At a private hospital in Ikeja, a little after two in the morning, a registrar named Ngozi is holding a chest radiograph she has already decided is normal. The patient is a forty-four-year-old trader admitted with a fever and a cough that has not settled on the first antibiotic, and she is on her nineteenth hour, and the film in front of her looks like a hundred other films she has read this month. She uploads it to the second-read tool the department piloted in March — not because she is unsure, but because the protocol now says she should — and the model flags a subtle opacity in the left lower zone, behind the heart shadow, that she had not weighted. She looks again. It is there. Not because the machine saw something she could not have seen, but because at two in the morning, on the nineteenth hour, she had stopped looking. She starts the patient on cover for an atypical pneumonia that night rather than the next afternoon. The film was always going to be read correctly by a rested radiologist in the morning. The point is that the patient did not have to wait for the morning.
I open with that scene because it is the honest shape of what artificial intelligence is doing to medicine right now, and it is neither of the two stories that dominate the conversation. It is not the machine replacing the doctor. It is not the machine failing and harming the patient. It is a tired human being caught by a tool at the exact moment human attention runs out — and a human being who was still the one who looked again, prescribed, and signed. The whole argument of this piece sits inside that distinction. The machine did not replace Ngozi. But a version of Ngozi who used the machine outperformed the version who, on a different night, did not.
The reasoning that a machine can challenge but must not conclude
The most seductive use of a clinical large language model, and the most dangerous, is differential diagnosis. You describe a case — the fifty-two-year-old with weight loss and night sweats and a normal chest film, the child with a limp and a fever that will not name itself — and the model returns a structured list of what it could be, ranked, with the reasoning attached. Used well, this is genuinely valuable, and the value is not the answer. It is the challenge to your own anchoring. The commonest way a diagnosis is missed is not that the doctor lacked the knowledge to reach it; it is that the doctor settled early on a first impression and stopped generating alternatives. A model that hands you three possibilities you had already dismissed, and one you had never considered, is doing to your reasoning what a good senior colleague does on a ward round — forcing the list back open.
The danger is the mirror image of the benefit. These models are fluent, confident, and wrong often enough that fluency and confidence tell you nothing about accuracy. They hallucinate — they will invent a plausible mechanism, cite a study that does not exist, assert a drug interaction with the same calm authority they bring to a correct one. A junior doctor who treats the ranked list as a verdict rather than a provocation has not augmented their reasoning; they have outsourced it to a system that cannot be held to account for the outcome. The correct posture is adversarial. You use the model to attack your own conclusion, never to supply it. The moment the differential becomes the diagnosis without a human weighing it against the patient in front of them, the tool has stopped being decision-support and become something no serious practice should permit.
The documentation win, which is larger than it looks
If I had to name the single change most likely to improve Nigerian clinical care in the next two years, it would not be imaging AI or diagnostic reasoning. It would be ambient documentation — the tool that listens to the consultation and drafts the note, so the physician is not typing while the patient talks.

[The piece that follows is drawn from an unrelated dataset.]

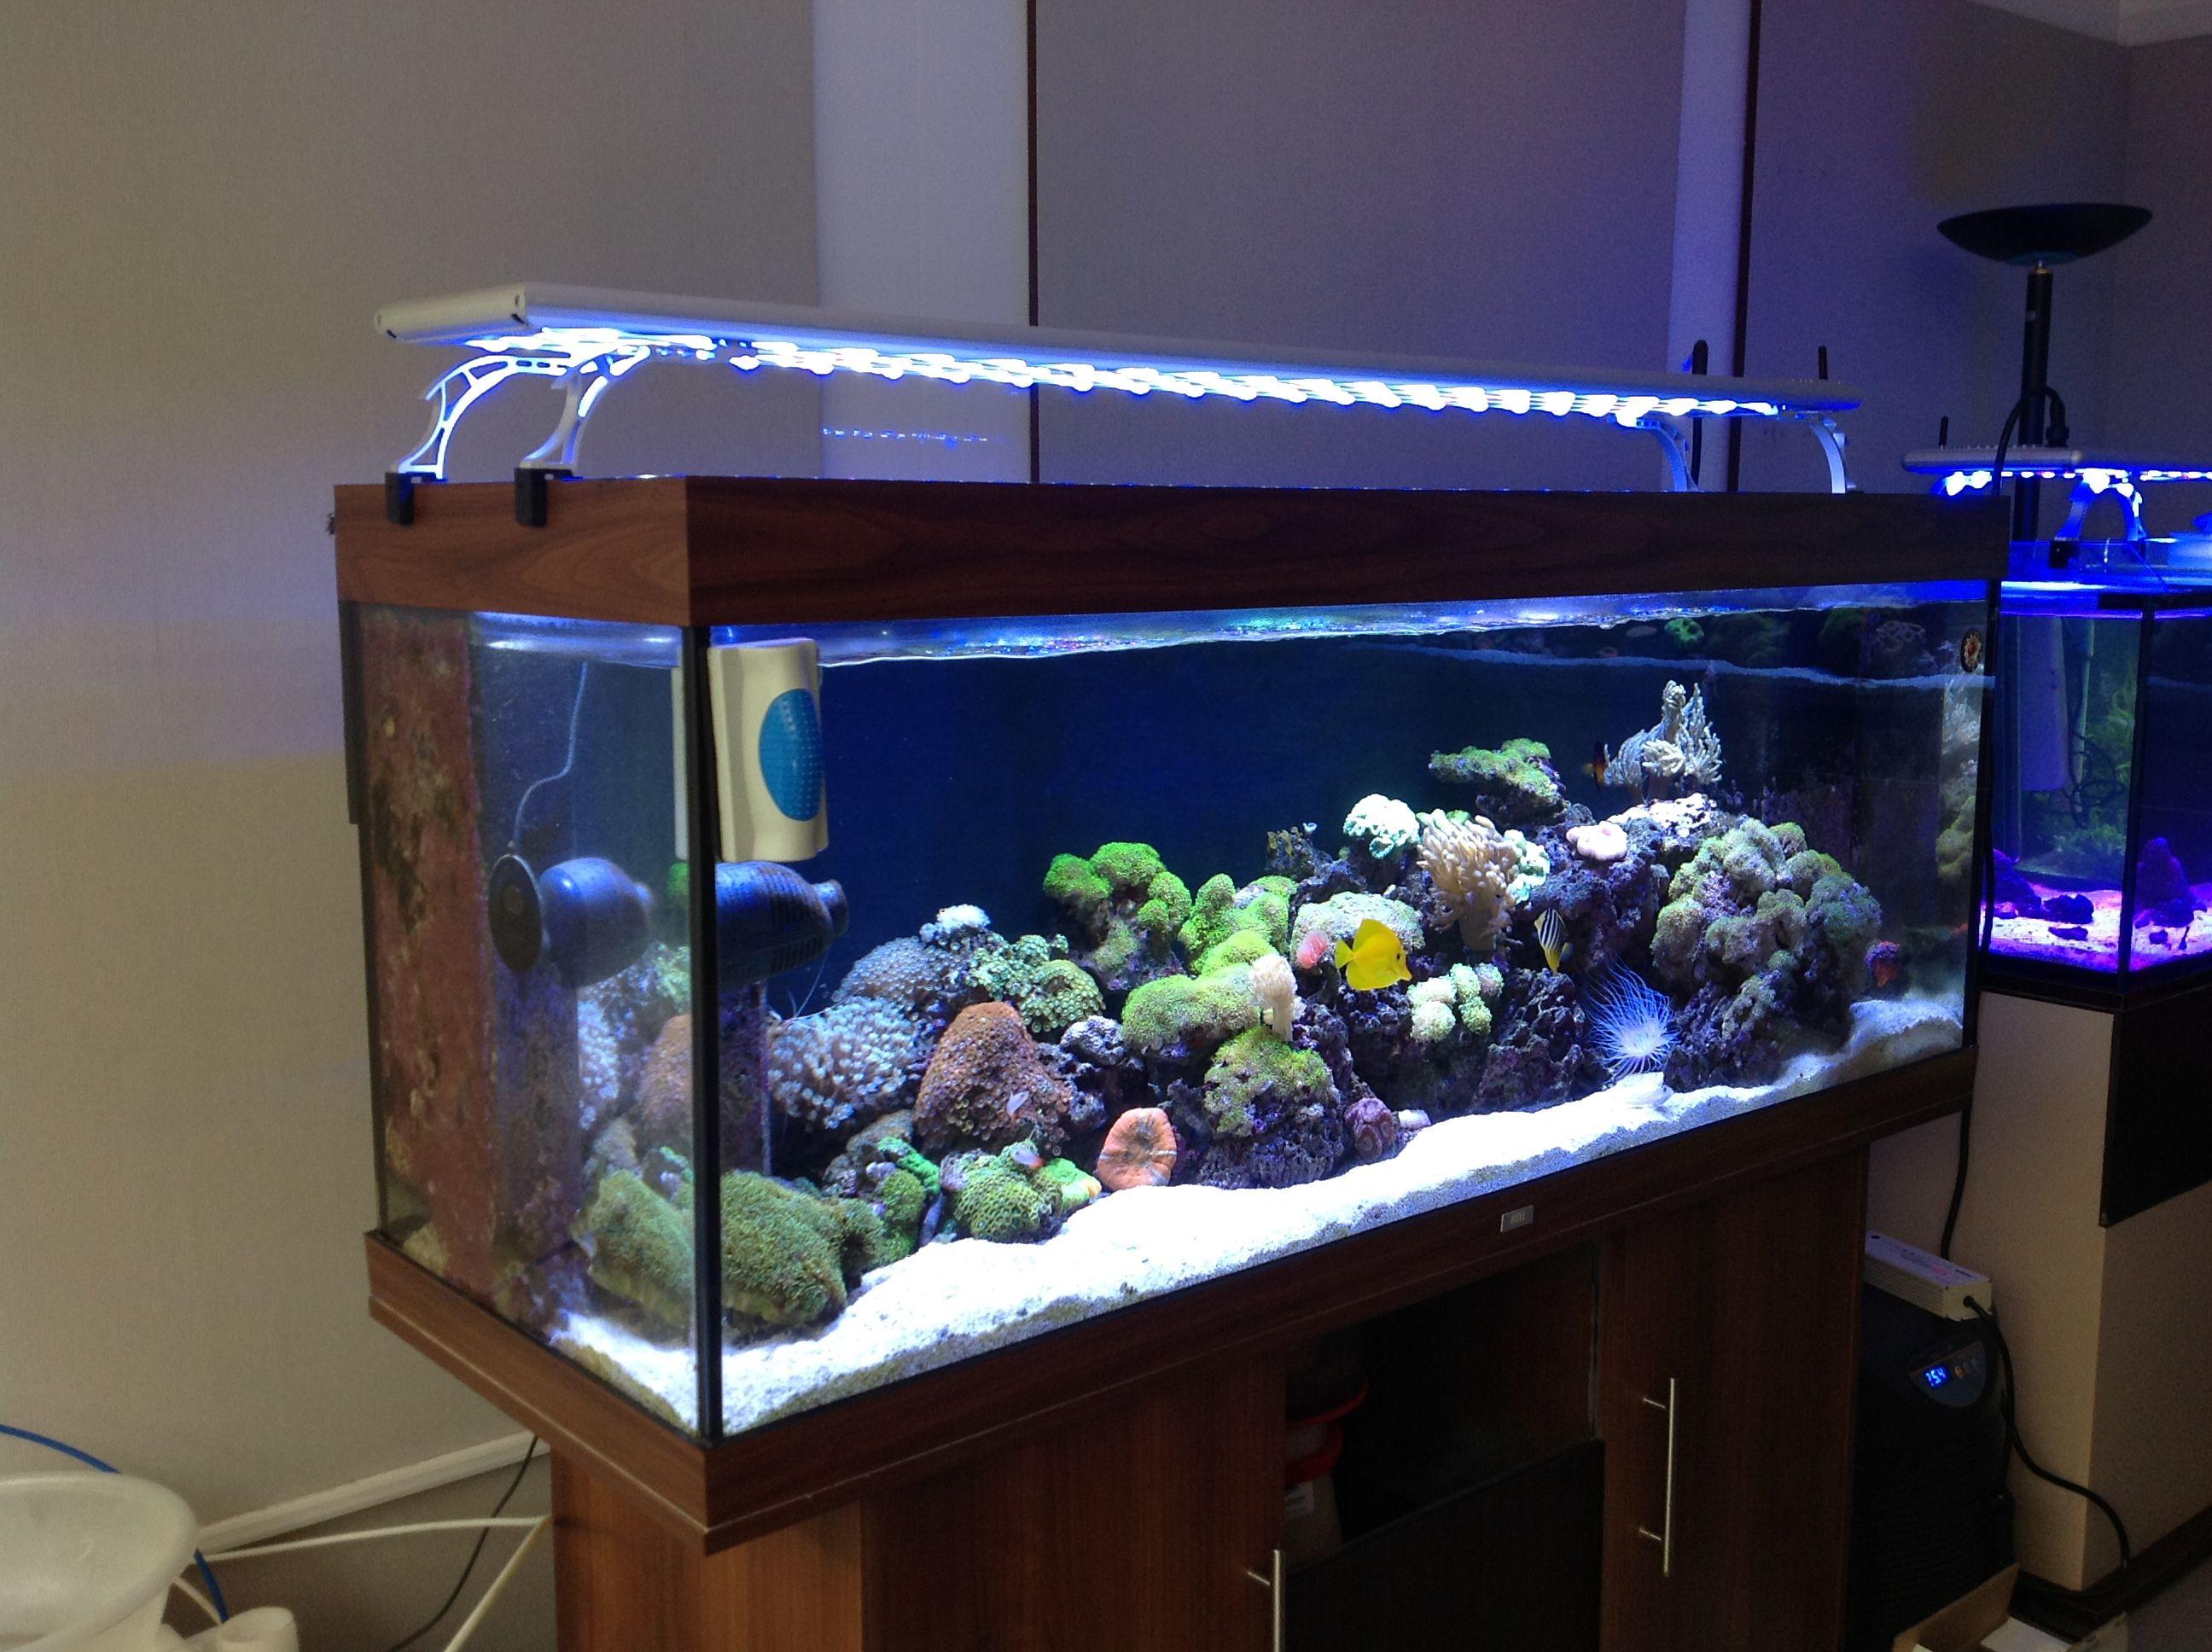 ideas meganraley hanging light aquarium diy kit stand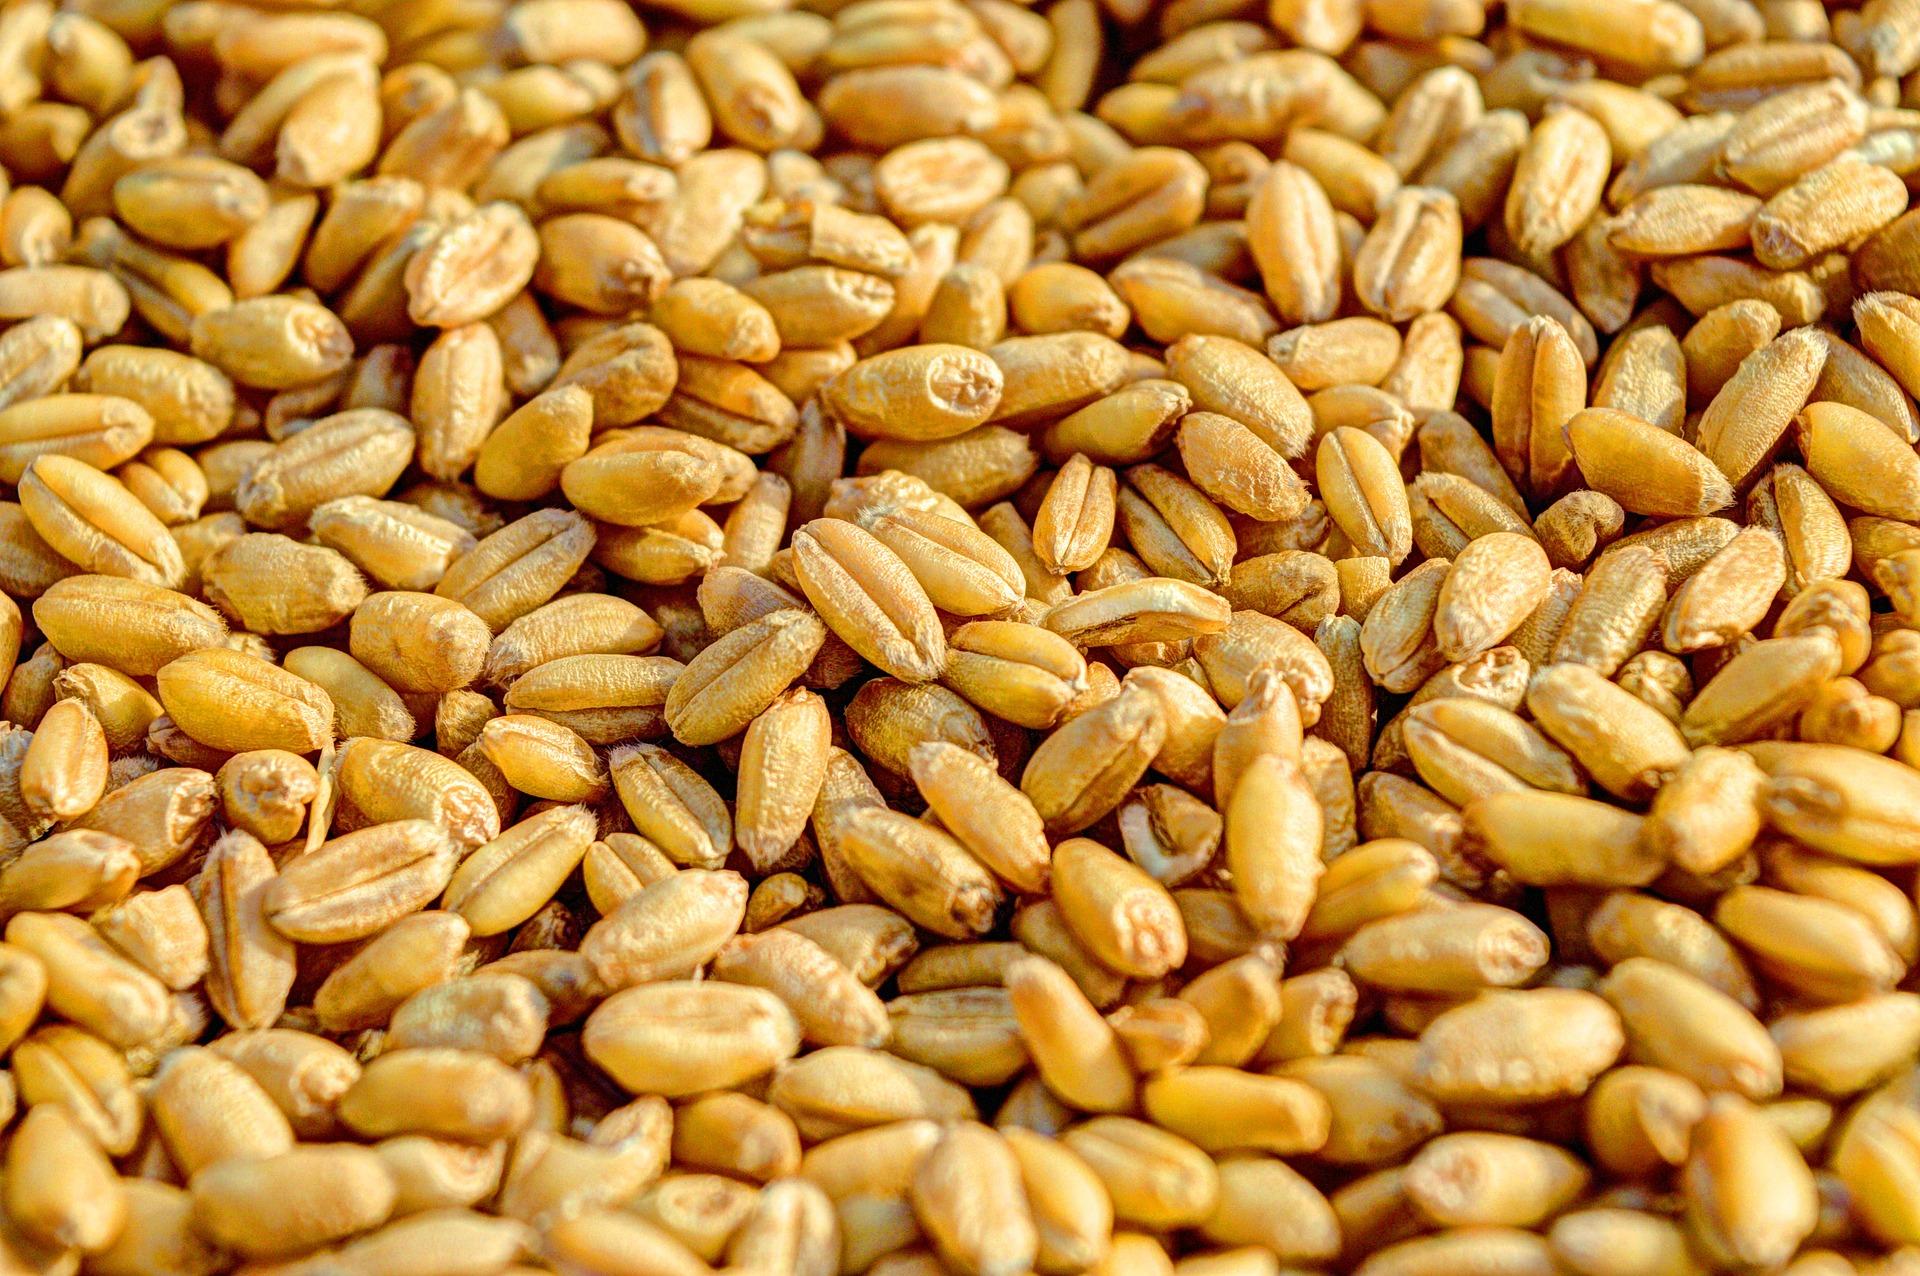 Україна збільшила експорт зерна на 30% з початку сезону 2019/20

This sounds administrative. It is clinical. The quiet catastrophe of the modern consultation is that the doctor spends it looking at a screen, because the note has to be written and the note is written during the encounter, which means the patient is describing the thing that is frightening them to the side of a physician's face. The eye contact that lets you see the wince the patient is trying to hide, the pause before they answer the question about alcohol, the way the daughter in the corner shakes her head when the father says he has been taking his medication — all of that is lost to the keyboard. Ambient documentation gives it back. The physician listens. The tool drafts. The physician then reads, corrects, and signs the note — and the note is better, because it was captured by something whose entire attention was on transcription while the physician's entire attention was on the person.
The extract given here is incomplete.